I've searched for the answer but not really found anything that describes my scenario.

We've got Orion NPM 500 (10.3) and periodically (usually overnight) one or more of my nodes will trigger an alert I have that trips when a node is not being monitored by SNMP.

The alert is based off the LastSystemUptimePollUtc column in the database and when I check the underlying table the alert correctly reflects this value.

When this occurs the only fix seems to be either a restart of all Orion services or a reboot of the polling server, restarting the nodes doesn't seem to make any difference.

Whilst the alert exists I can still go to a node, list resources and get the correct resources back so the polling server can communicate with the node via SNMP. Clicking Poll Now or Rediscover makes no difference to the alert.

The nodes that have issues are primarily split over two sites but the nodes are not all identical, one site has a Windows 2008 R2 Server, a Cisco 3750 switch and an ASA5505 (accessible through the ASA via VPN). The other site has two Windows 2008 servers (behind a Draytek 2820, no VPN)

It's almost like there's a break in internet connectivity, Orion gets upset somehow and then refuses to acknowledge they're accessible via SNMP.

Has anybody seen this before or have any idea how it can be fixed?

Cheers,

Alex

hwtechnology · Answer

Thanks Jan, I've just opened a support ticket.

I've restarted the Job Engine v2 service and the node is now being polled correctly, will wait to see what tech support say.

jan1 · Answer

You've said that this was happening for two sites, each behind a different firewall. But if all the traffic is going through that core site firewall, it looks like the problem might be in there. That is really unfortunate that you can't restart it.

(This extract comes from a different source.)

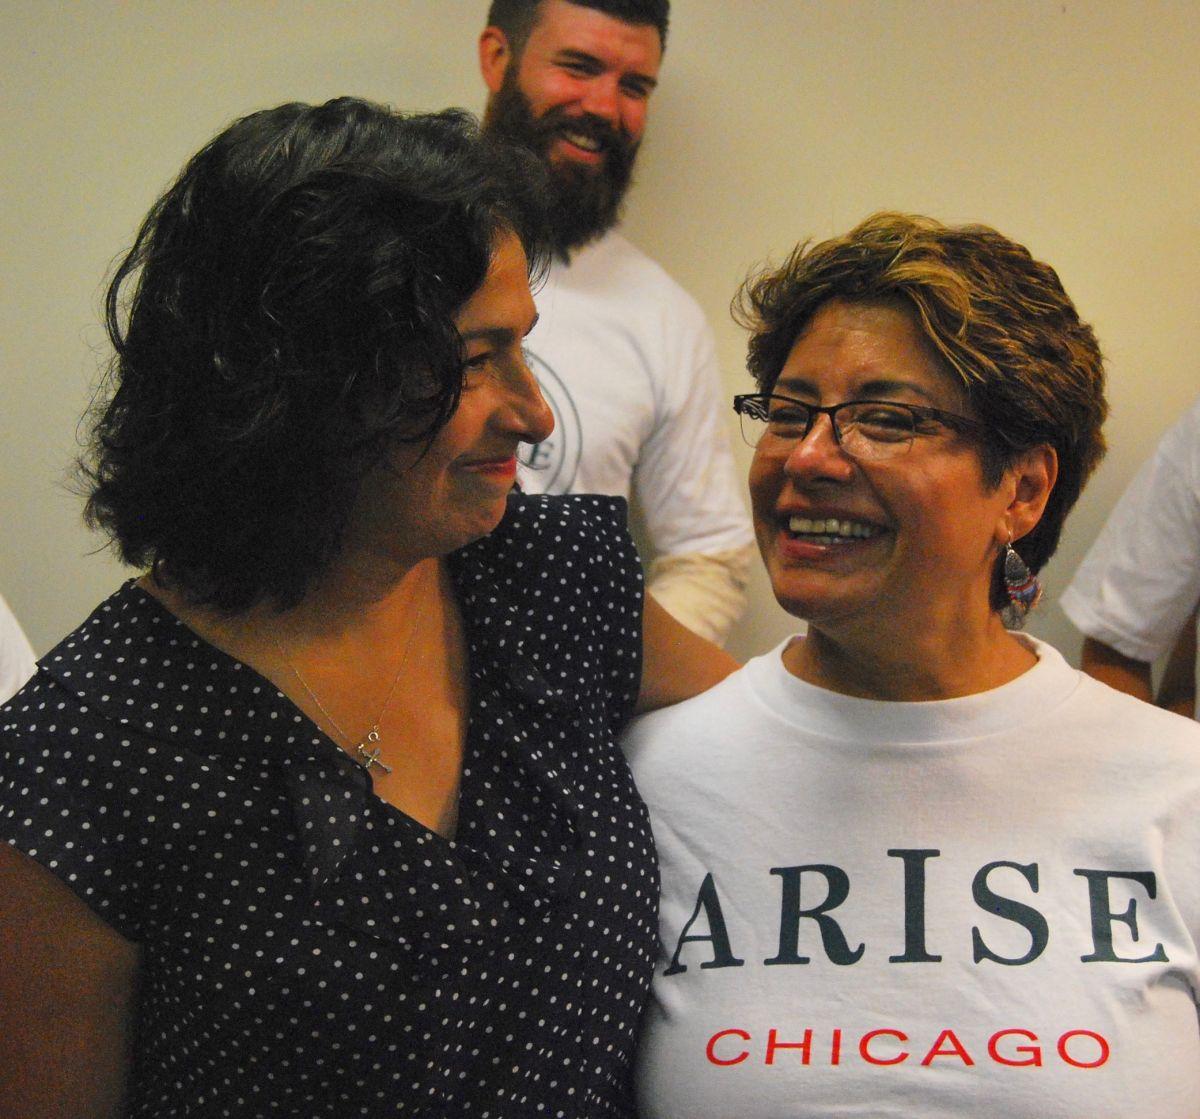 La representante Elizabeth Hernández con Isabel Escobar, trabajadora doméstica y miembro del consejo de la organización Arise Chicago.

When this happens again, please try whether restarting only the Job Engine v2 service makes it start working again (so you don't have to restart everything).

And yes, please do open support ticket. We'll need to check the firewall configuration, hopefully there's something we can do to fix this.

Thanks

Jan

hwtechnology · Answer

Thanks Jan,

That's exactly what we're seeing, the strange thing is that a "List Resources" works fine so there is SNMP connectivity to the node.

I've popped Wireshark on the polling server and I see SNMP going out but nothing coming back apart from a TTL exceeded from our core site firewall (Cisco ASA5510).

The problem node continues to respond via ICMP whilst this is going on (it's connected via an ASA to ASA VPN tunnel).

I've restarted the firewall at the problem site but it's not made any difference and unfortunately I can't restart the core site firewall.

The thing that's throwing me is that if I restart the Orion services onthe polling server (or restart the server itself) the system start's polling the node correctly via SNMP again, making me think that it's something on the polling server that's going wrong.

Am I best opening a support ticket about this?